Any reports on the Crappie fishing lately? Water temps?


----------



## Salamander (Apr 11, 2004)

Water temp 79-81 around old marina route 22 yesterday. Fished ski zone found then 10-12 foot deep on minnows. Mostly short ones...


----------



## Dragline (Nov 26, 2007)

9/21 Saturday. Fished 5 hours. Launched and fished dam / cabin area. Target was Saugeye and only 3 caught . 18" & 15" & dink.. Switched to Crappie. 15 caught and only 6 keepers. Lots of White Bass, Cat fish, Rock Bass. Started at day lite. Used jig & minnow mostly. No tail.....
Water about 1 1/2' low and 77-78 degrees. First 4 hours not a breeze but finally caught some wind in front of the dam area. That helped the bite.
It got busy with boats ! Had to wait 1/2 hour to load back up. What a circus watching some people try to launch. I mean laugh your a** off dumb stuff. Oh well


----------



## Capt.pat (Feb 15, 2018)

Haven't fished Seneca before. Is the crappy bite similar to Leesville/Piedmont or maybe mosquito? Would be using jigs and various tails. Prefer not to use live bait. Thank you in advance.


----------



## Capt.pat (Feb 15, 2018)

Sorry was thinking Seneca but mistakenly posted here. Please excuse.


----------



## TClark (Apr 20, 2007)

JMO, but you can't compare Skeeter with Seneca, Piedmont or Leesville.
Mosquito Lake is thee hands down best crappie lake I've ever experienced.
Wife and I caught well over 100 one day this year. You'll be hard pressed to catch even close a limit at Seneca, Piedmont or Leesville or Tappan.


----------



## buckeyebrian26 (Nov 10, 2013)

I don’t crappie fish, much but caught some toads this spring at piedmont saugeye fishing. A bunch too.


----------



## Capt.pat (Feb 15, 2018)

I've caught good catches at Piedmont and Leesville but I agree with tclark.i was curious about Seneca since iveI never been there.


----------



## Dragline (Nov 26, 2007)

Hi guy's. Added this post about Saltfork. Went out early this morning (Monday) with my son. Water temp was 63 degrees. Water still down 1 & 1/2' . Fog was like pea soup,,, thank's for GPS on the sonar to travel the lake because you were boating blind. It was 10:00am before fog lifted. 

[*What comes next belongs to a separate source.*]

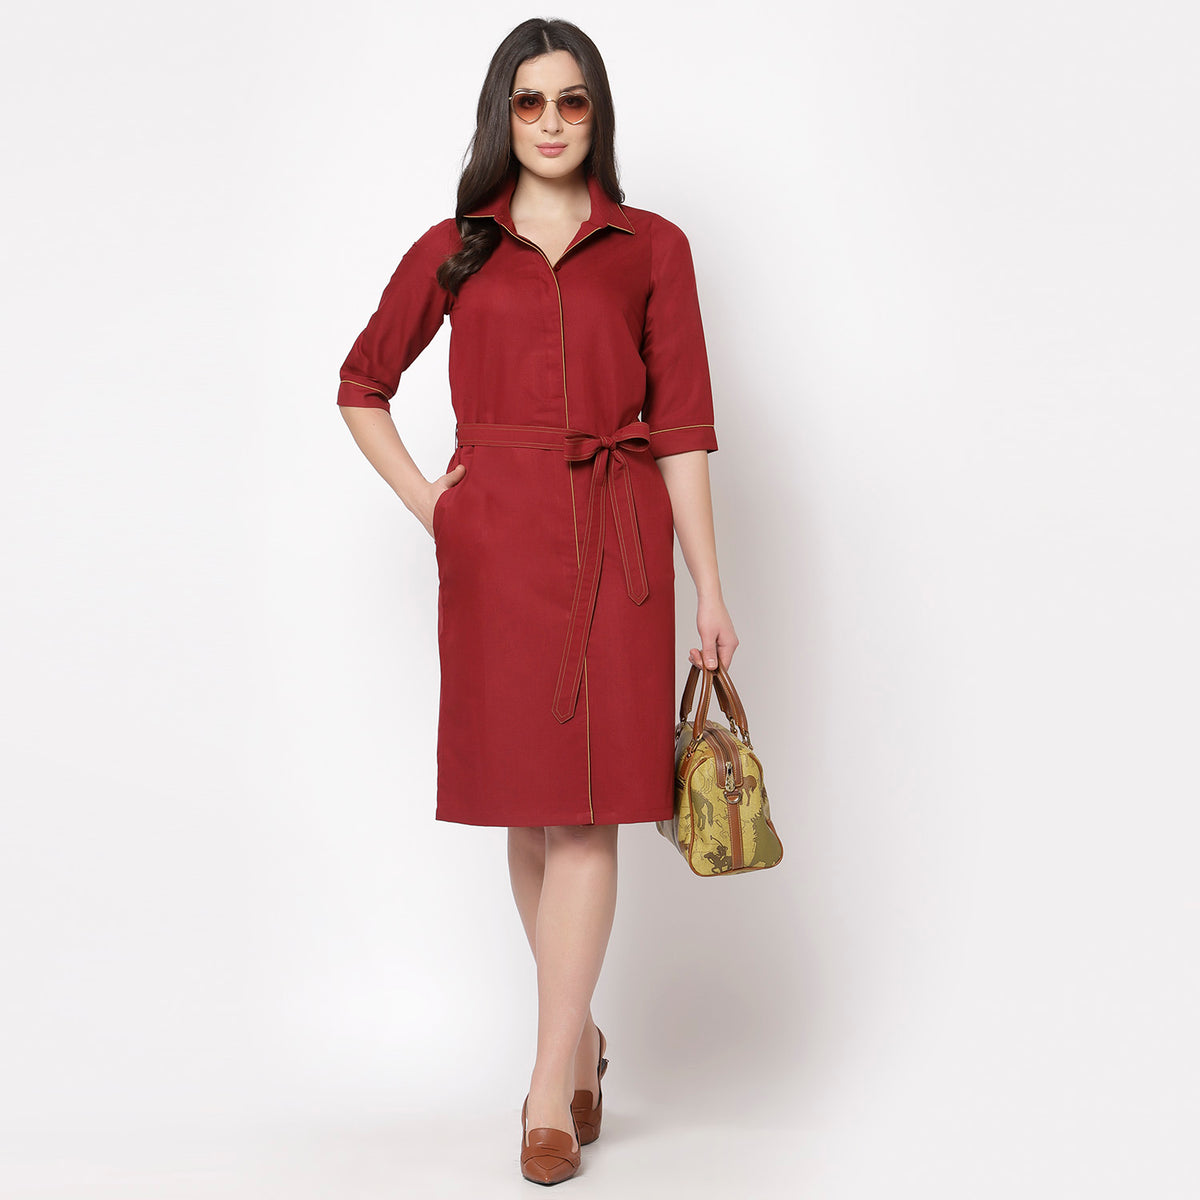 Red Dress With Belt and Brown Biping

Quit fishing after 2 1/2 hours. The air temp dropped and the wind made it miserable to fish. I didn't dress for the cold that rolled in. I never got a nibble, son caught a small Crappie & Saugeye.

Seen loads of fish suspended out in front of the dam area. Couldn't find any hungry fish.
As before , all fish were showing 12' - 16' feet deep and just floating in limbo mood.


----------